**EXTRACTED DATA:**

***

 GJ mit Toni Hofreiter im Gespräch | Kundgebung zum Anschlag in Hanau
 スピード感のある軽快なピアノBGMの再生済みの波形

***

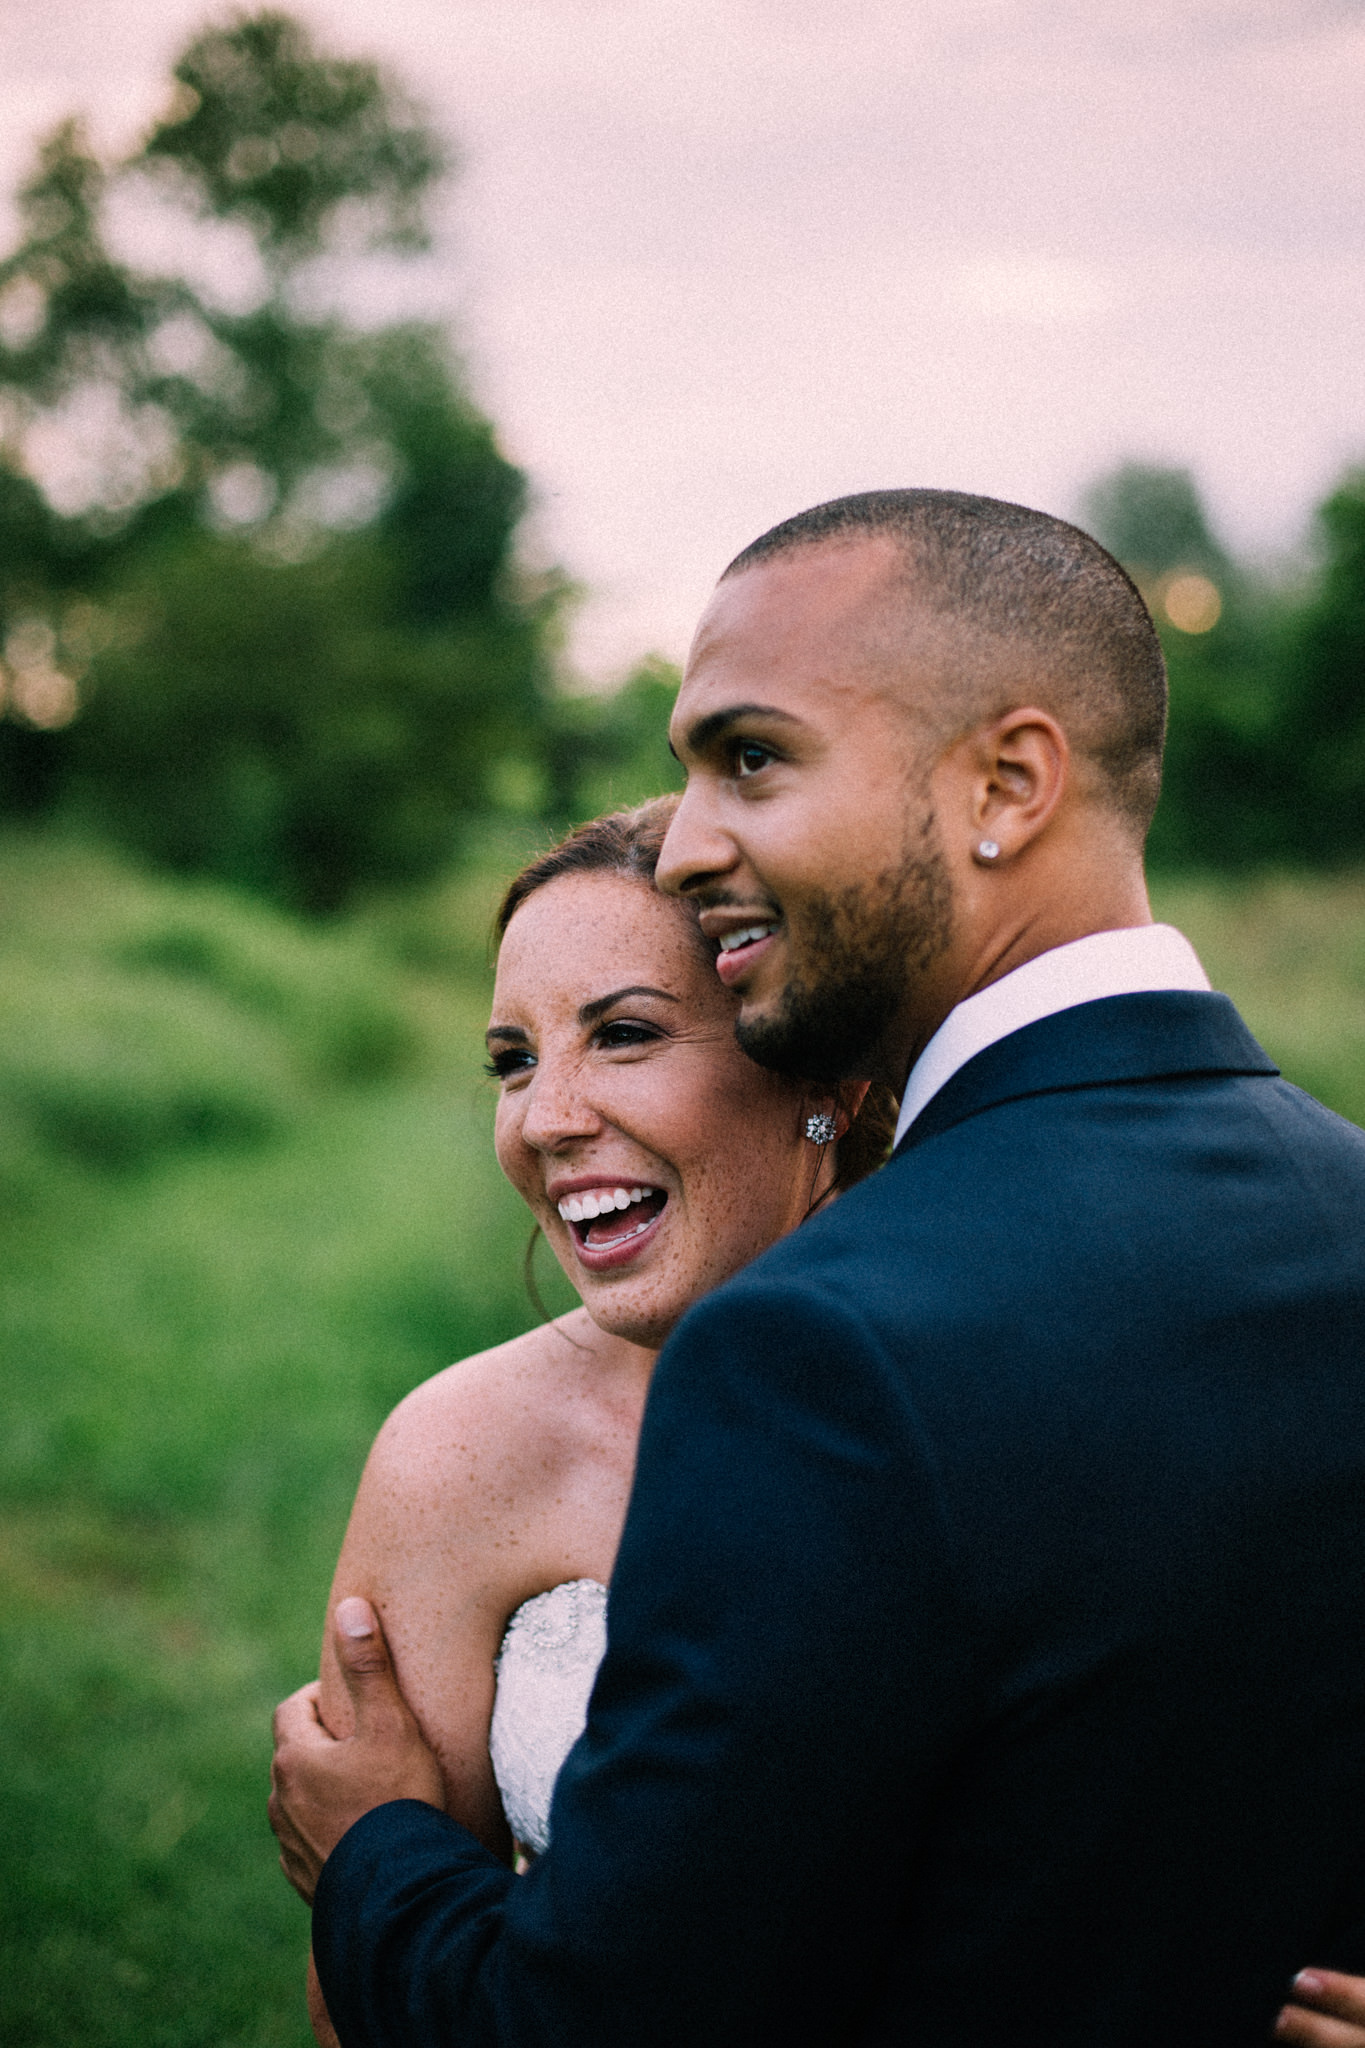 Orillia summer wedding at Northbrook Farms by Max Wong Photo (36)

***

**INSTRUCTIONS FOR THE TASK:** Begin at the line that has "GJ mit Toni" in the entries above; stop after the line that has "スピード感のある軽快なピアノBGMの再生済みの波形". Transcribe exactly those lines and no others.

**RESULT OF THIS TASK:**
 GJ mit Toni Hofreiter im Gespräch | Kundgebung zum Anschlag in Hanau
 スピード感のある軽快なピアノBGMの再生済みの波形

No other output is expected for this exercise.